Egypt also has a sizable manufacturing sector which includes textiles (especially cotton), chemicals (fertilizers & plastics), food processing (including canned foods & juices) along with metalworking & engineering (such as steel). This sector accounts for around 17% of total GDP but employs only 3 million people directly or indirectly due to its heavy reliance on imported machinery & equipment from abroad which makes it less labor-intensive than other sectors within Egypt’s economy.

Finally, oil production & exports are one of Egypt’s most important sources of foreign exchange earnings accounting for around 10% ($6 billion) of total exports in 2018 alone making it a major player within the global energy market. However this sector still remains heavily dependent on international oil prices which can be highly volatile at times making it difficult to accurately predict future earnings from this source going forward.

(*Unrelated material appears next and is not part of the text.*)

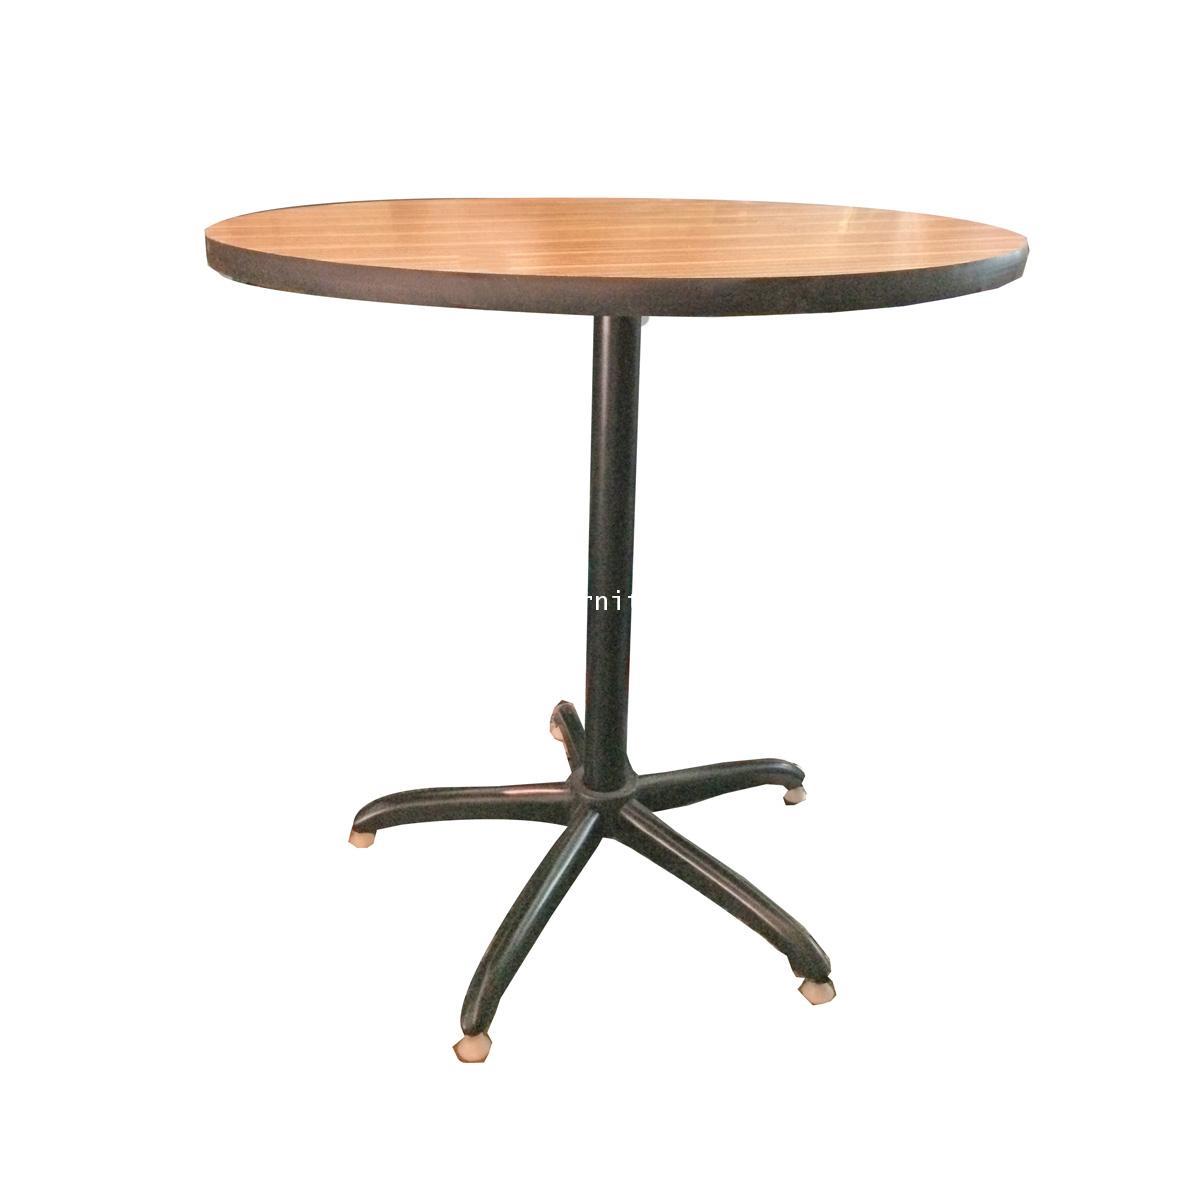 โต๊ะคาเฟ่ ขาเดี่ยว หน้าโฟไมกา ลายไม้ 75*75*75 ซม.

Overall despite its small size Egypt’s economy is slowly improving thanks largely to increased investment into infrastructure development across the country along with various social programs aimed at reducing poverty levels within its population such as free healthcare up to secondary school level education for children aged 6-14 years old which have helped reduce poverty levels significantly over recent years.

Business

Abbreviated as EGY by abbreviationfinder.org, Egypt is usually considered to be the most developed, i.e. the most industrialized, urbanized, well-educated and economically most diverse, Arab country. At the same time (because of the population growth rate) it is one of the poorest countries in the area. The employment rate in the country is low. In 2016, 11 percent of the labor force was employed in agriculture, 36 percent in industry and 53 percent in service industries. However, these figures hide serious structural problems. The government has used public sector employment as a way of sucking up unemployment, and productivity is low in the industrial and service sectors. Egypt, which exported food until the early 1970s, has recently imported more than half of its food needs.

Egypt GDP (Nominal, $USD) 2003-2017

On the whole, the business structure has undergone major changes in recent decades. In the mid-1970s, “Arab socialism” was abandoned in favor of Infitah, the “open-door economic policy”, with increased investment in private ownership and the facilitation of foreign business start-ups. The change was initially sluggish but has accelerated during the 00s, and the private sector now accounts for about 70 percent of GDP. During the 00s, economic growth has also increased, but the economic differences in society have also increased. The unrest in the 2010s has slowed growth, mainly the tourism industry has been hit hard.

Agriculture

Agriculture has long been a neglected area in the country’s development planning. While the land reform was implemented during the 1950s and 1960s, its scope was limited. Around 1960, the entire agricultural sector was “cooperated”. However, the state’s efforts to control production far exceeded its ambition to modernize farming methods, etc. Nevertheless, agriculture is relatively high-yielding, mainly due to favorable climate, good soil and extensive irrigation. Since the completion of the Assuan Dam (High Dam) in 1971, all agriculture has been irrigated and the growing season lasts year-round, allowing an average of two harvests per year.

The countryside is heavily overcrowded, and the land shortage is great. The average cultivation unit is less than 1 ha. Cost-intensive new cultivation programs have increased the cultivation area by about 20 percent, but as much has been lost due to. urbanization and salting damage caused by inadequate drainage. The high dam has resulted in an increase in the groundwater level, and drainage of irrigated farmland has been made more difficult, with extensive salt enrichment as a result. If large areas of cultivation are not to be eliminated, irrigation methods must be used that minimize evaporation. Large resources of fossil groundwater in the desert allow for extended cultivation, but this is not sustainable in the long term.

The most important export crop is long-fiber cotton, with Egypt accounting for 1/3 of world production. Other important crops are maize, wheat and berseem (alexandria clover). Rice has become increasingly important, among other things. because of its greater resistance to salting. Non-controlled crops such as fruits and vegetables have increased in importance at the expense of mainly cotton, the most important “state” crop. The same goes for livestock farming, which increased rapidly despite the fact that Egypt has no natural pastures.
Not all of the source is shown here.